Whence my skepticism? The reason lies with BW methodology. Most BW focuses on what the brain does while being subjected to a particular stimulus. So for example, how does the brain “react” when peppered with sentences that vary in grammaticality (note: I mean ‘grammaticality’ here and not ‘acceptability’).[1] So, while a brain is processing an actual linguistic object, what does it do? By its very nature, this kind of experiment can only indirectly make contact with the basic claims of GG. Why? Because, GG is a theory of competence (i.e. what speakers know), and what BW probes is not knowledge (linguistic or otherwise) per se but how this knowledge is deployed in real time (e.g. how it is used to perform the task of, e.g. analyzing the incoming speech stream). I strongly believe that what you know is implicated in what you do. But what you do (and how you do it) does not rely exclusively on what you know. That’s why it is useful to make the competence/performance distinction. And, back to the main point, BW experiments are all based on online performance tasks where the details of the performance system matter to the empirical outcomes (or so I would suppose).[2] But if these details matter, then in order to even see the contribution of Gs (or FL/UG) it is imperative to have performance systems of the kind that we believe are cognitively viable, and the ones that we think are such are largely combinations of Gs embedded in classical computing devices with Turing-like architectures.[3]

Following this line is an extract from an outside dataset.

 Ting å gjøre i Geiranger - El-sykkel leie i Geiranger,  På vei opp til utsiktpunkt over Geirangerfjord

Nor is this mix an accident if people like Randy Gallistel (and Jerry Fodor and Zenon Pylyshyn and Gary Marcus) are to be believed (and I for one make it a cognitive policy to believe most of what Randy (and Jerry) says). Turing architectures are just what cog-neuro (CN) needs to handle representations, and representations are something that any theory hoping to deal with basic cognition will need. As I have gone over these arguments before, I will not further worry this point. But, rest assured, I take this very seriously and because of this I draw the obvious conclusion: until BW finds the neural analogues of basic Turing architecture the possibility of BW and cognition (including linguistics) making vigorous contact will be pretty low.

That said, one of the interesting features of David’s second lecture is that he showed that it is not impossible. In fact, the general program he outlines is very exciting and worth thinking about from a linguistic point of view. This is what I will try to do here (with all the appropriate caveats concerning my low skill set etc.).

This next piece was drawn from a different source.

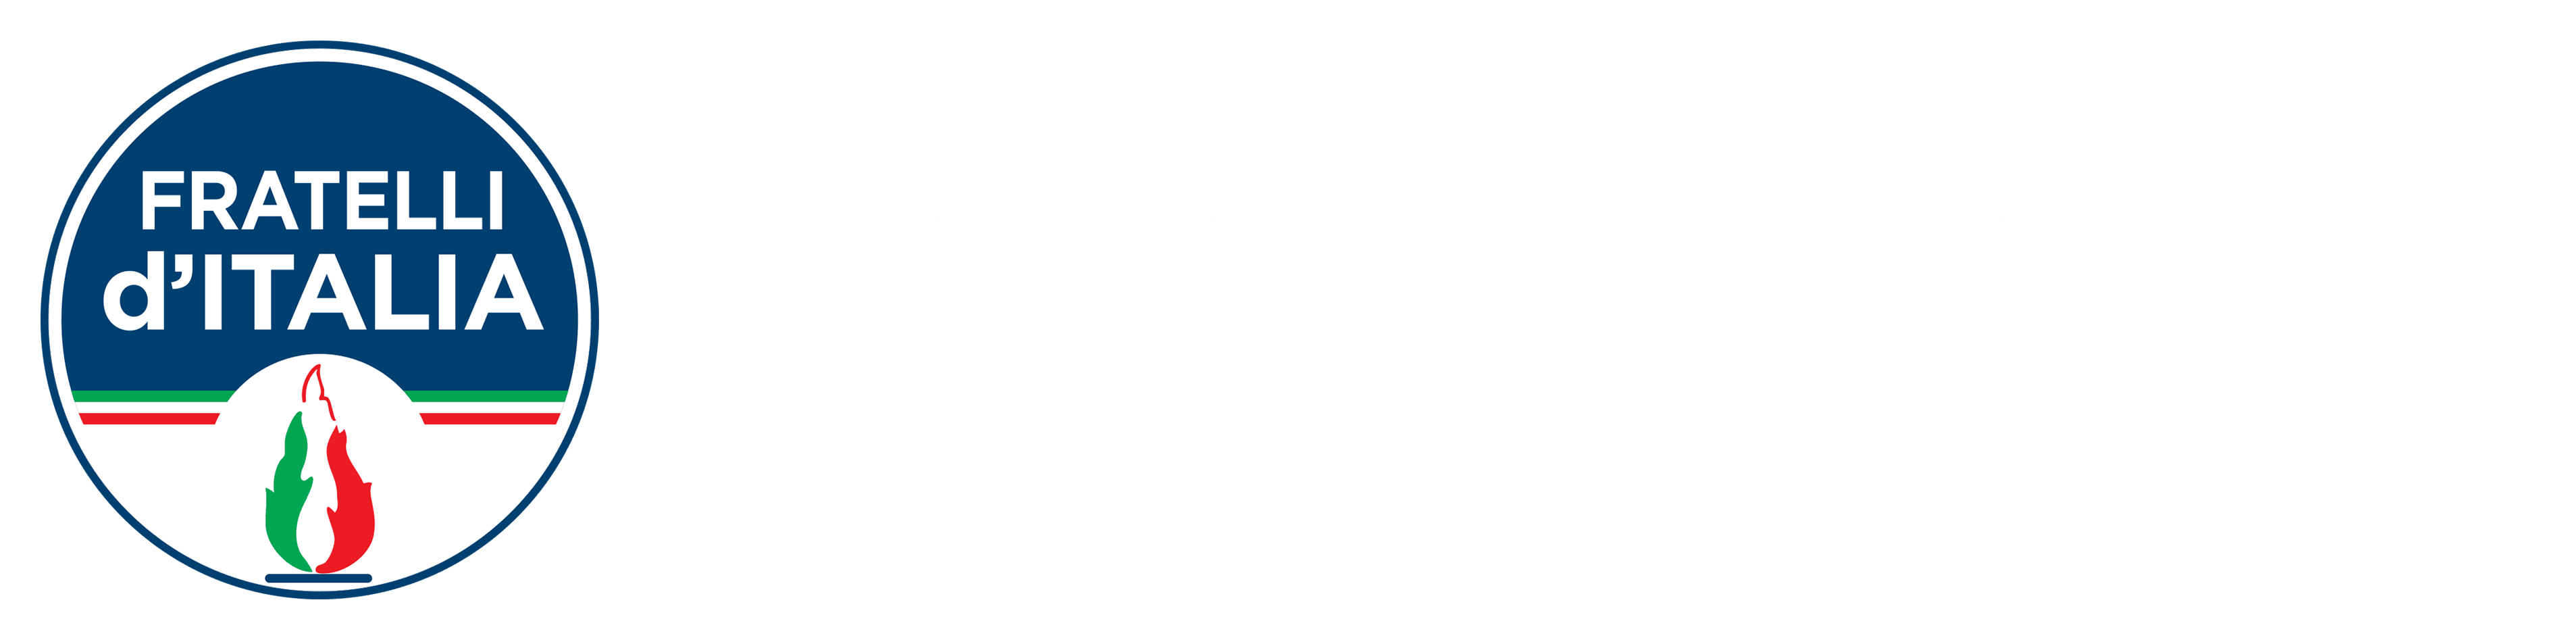 Maria Teresa Bellucci

The lecture focuses on what David describes as “an interesting alignment between…systems neuroscience….physics…(and) linguistics” (slide 21). More particularly, he argues that the brain have natural “theta rhythms” of 4-8 Hz, that physically speaking the modulation spectrum of speech is 4-5 Hz and that the mean syllable duration cross linguistically is 150-300 ms, which is the right size to fit into these theta bands. So, if speech processing requires chunking into brains sized units, then we might expect the stream to be chopped into theta band sizes for the brain to examine in order to extract further linguistic information necessary to get one to the relevant interpretation. And what we expect, David claims we in fact find. The brain seems to entrain to syllables, phrases and sentences. Or, more exactly, we can find neural measures that seem to correlate with each such linguistic unit (see slides 29-34).

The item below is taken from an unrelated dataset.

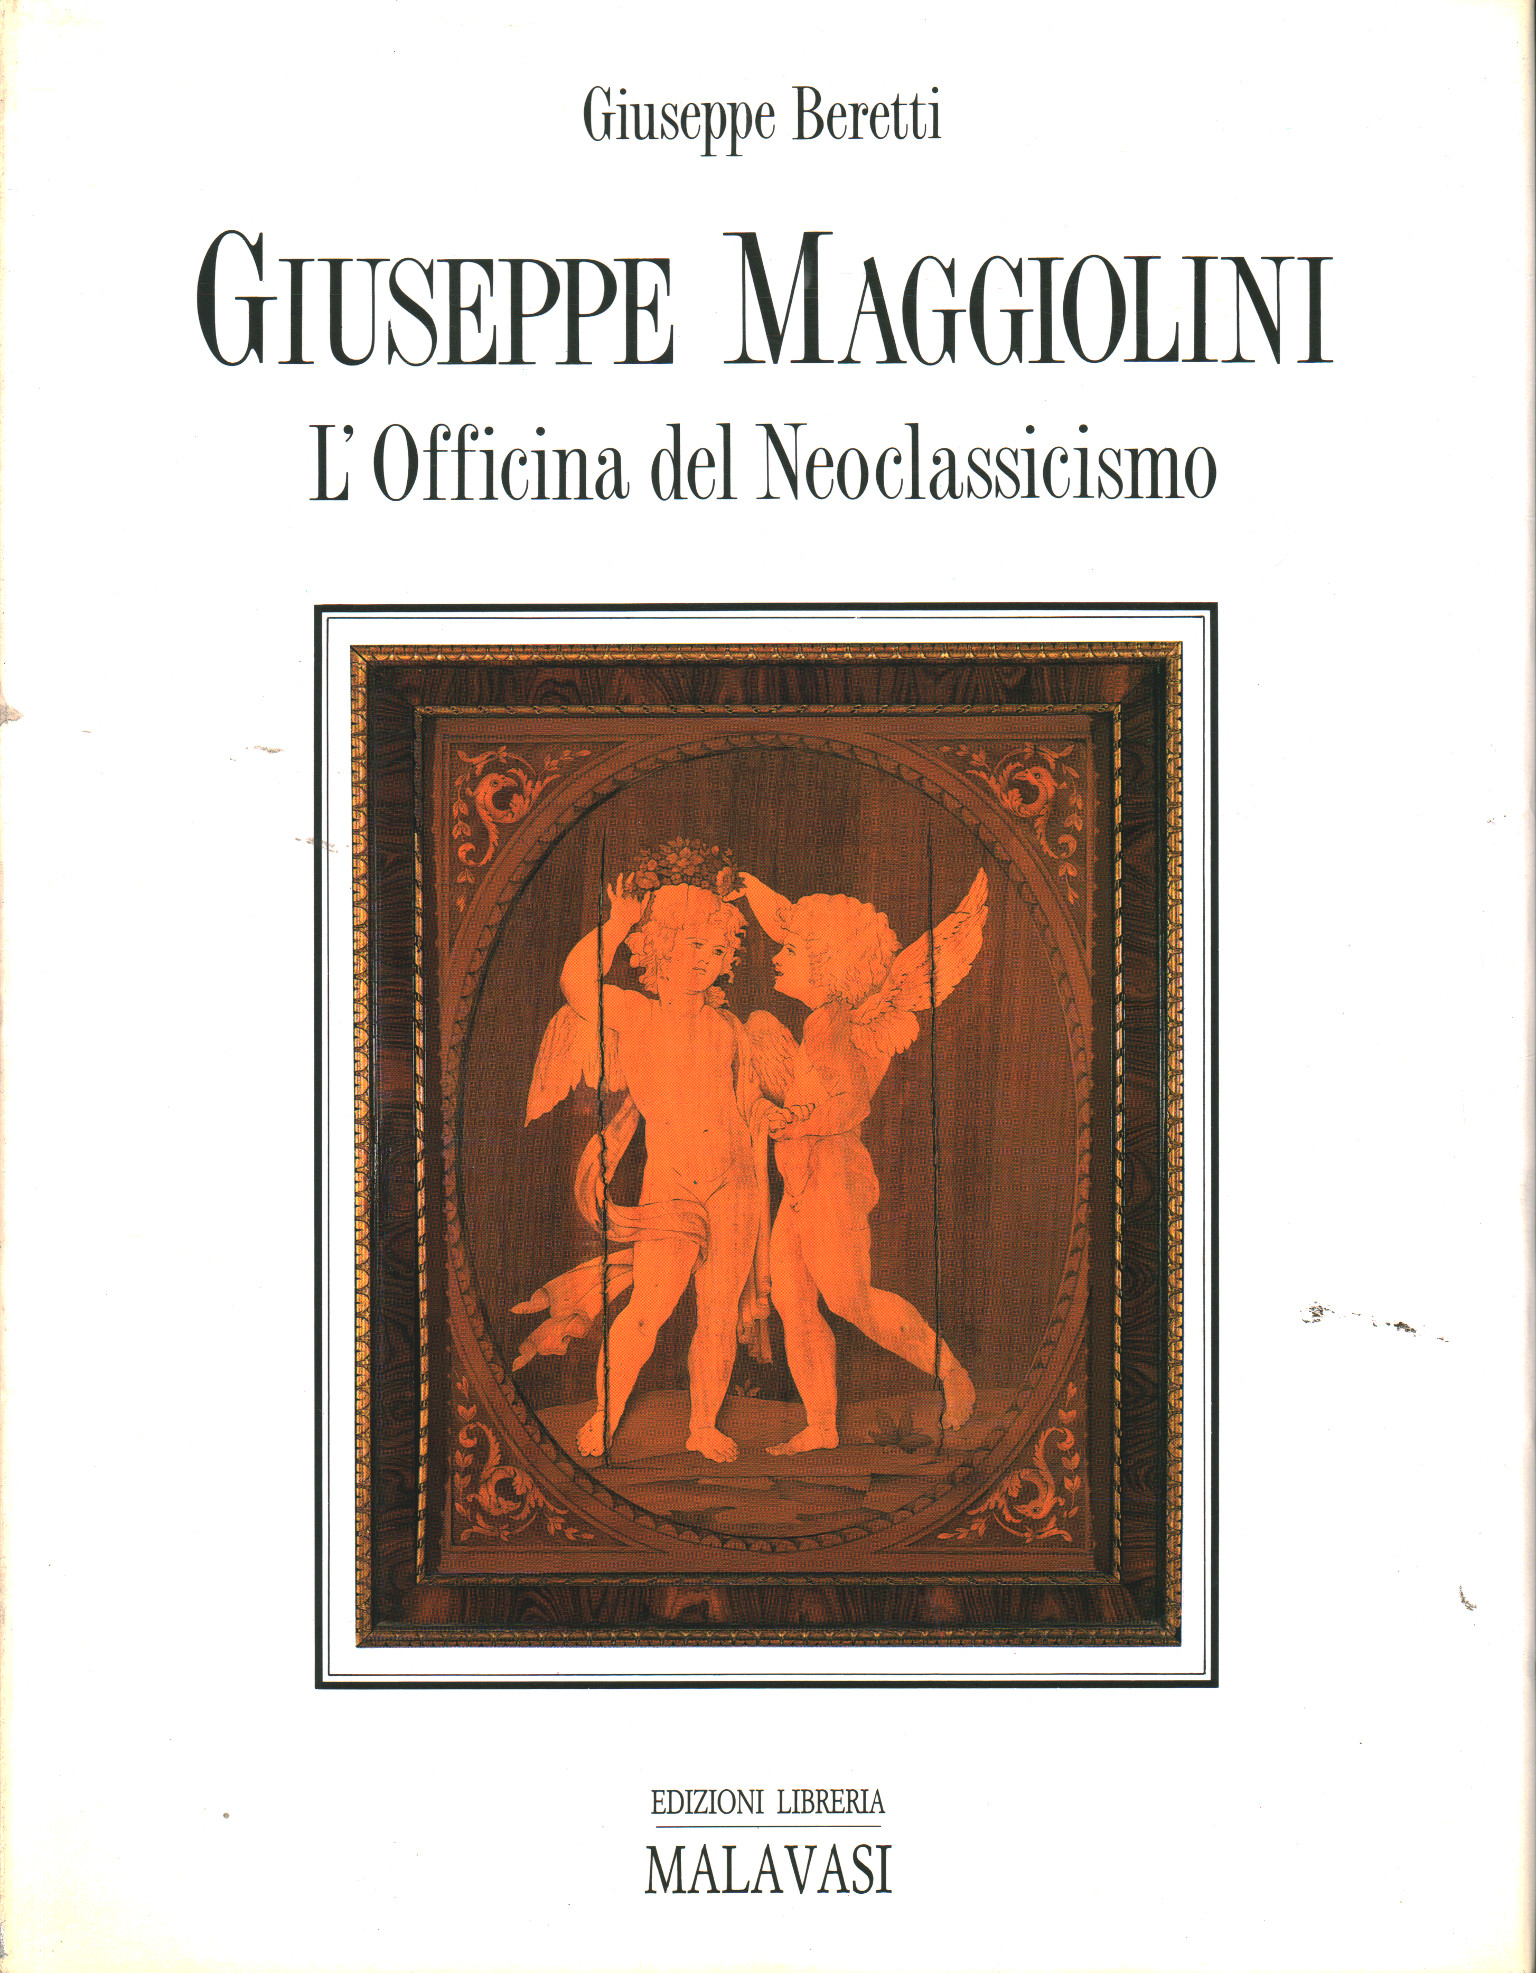 Giuseppe y Carlo Francesco Maggiolini, Giuseppe Beretti

Now showing this is not at all trivial, and therein lies the beauty of the experiments that David so lovingly reported (it was actually a bit embarrassing to see him caressing those findings so intimately in such a public setting (over 150 people watching!!)). Here’s a post to a discussion of (and link to) the paper that David discussed. Suffice it to say that what was required to make this convincing was controlling for the many factors that likely correlate with the syntactic structure. So the Ding et al (David being the last al) paper stripped out prosodic information and statistical transitional probability information so that only linguistic information concerning phrase structure and sentence structure remained. What the paper showed is that even in the absence of these cues in the occurent stimulus the brain entrained to phrases and sentences in addition to syllables. So, the conclusion: brains of native speakers can track G like structures of their native languages on line. In other words, it looks like brains use Gs in online performance.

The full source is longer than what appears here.